Decoding Speaker-Normalized Pitch from EEG for Mandarin Perception
Jiaxin Chen, Yiming Wang, Ziyu Zhang, Jiayang Han, Yin-Long Liu, Rui Feng, Xiuyuan Liang, Zhen-Hua Ling, Jiahong Yuan
TL;DR
This work tackles how the brain encodes Mandarin pitch without being tied to individual speakers’ pitch ranges by decoding $F_0$ contours from EEG. It introduces CE-ViViT, a multi-branch architecture combining Convolutional Embedding with ScConv and DANE, and a ViViT-based two-stage Feature Encoder to map EEG to pitch contours, trained with a mean-squared-error objective. Experiments on monosyllabic Mandarin stimuli show that speaker-normalized pitch contours are decoded more accurately in multi-speaker data, supporting the idea that neural pitch perception emphasizes relative pitch at the phoneme level; single-speaker data show no such advantage.
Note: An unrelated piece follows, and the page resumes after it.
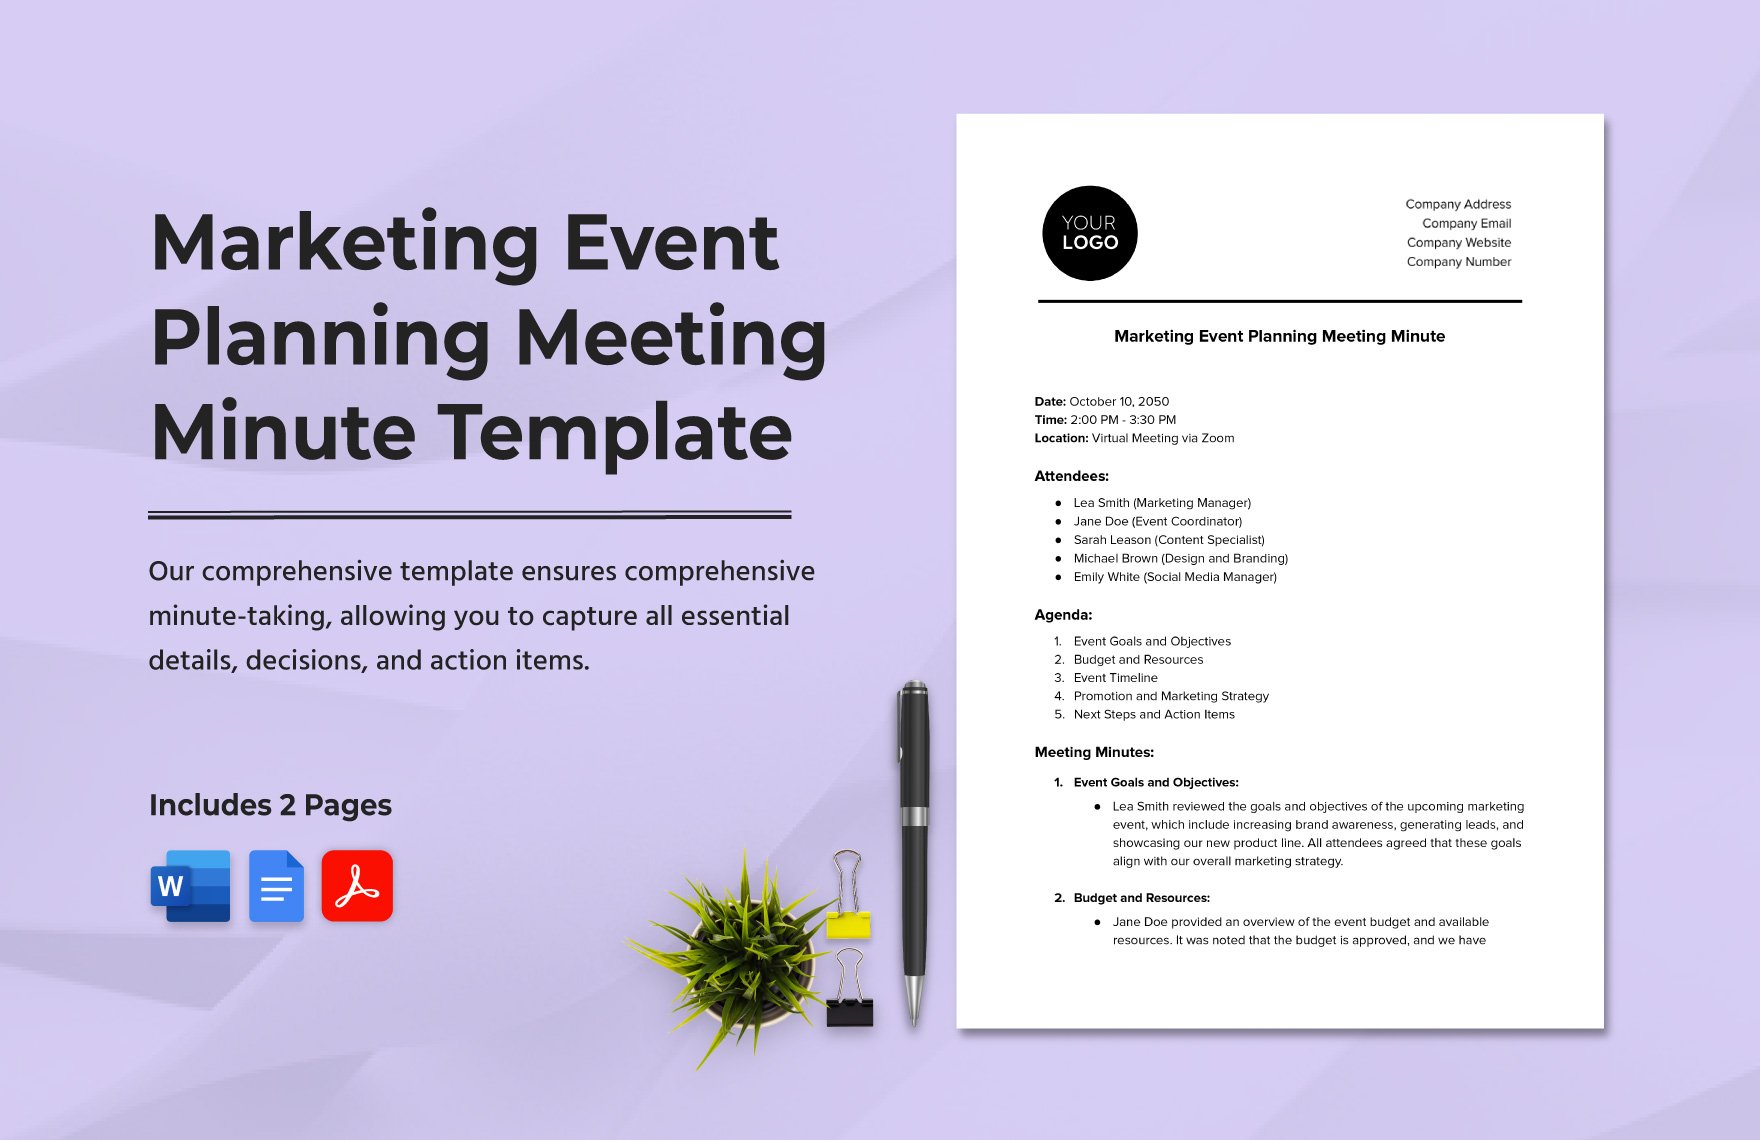 Marketing Event Planning Meeting Minute Template  in Word, Google Docs, PDF

The approach achieves performance comparable to state-of-the-art EEG-based regression methods, and the ablation study highlights the importance of temporal information and the embedding components for effective pitch reconstruction.
Abstract
The same speech content produced by different speakers exhibits significant differences in pitch contour, yet listeners' semantic perception remains unaffected. This phenomenon may stem from the brain's perception of pitch contours being independent of individual speakers' pitch ranges. In this work, we recorded electroencephalogram (EEG) while participants listened to Mandarin monosyllables with varying tones, phonemes, and speakers. The CE-ViViT model is proposed to decode raw or speaker-normalized pitch contours directly from EEG. Experimental results demonstrate that the proposed model can decode pitch contours with modest errors, achieving performance comparable to state-of-the-art EEG regression methods. Moreover, speaker-normalized pitch contours were decoded more accurately, supporting the neural encoding of relative pitch.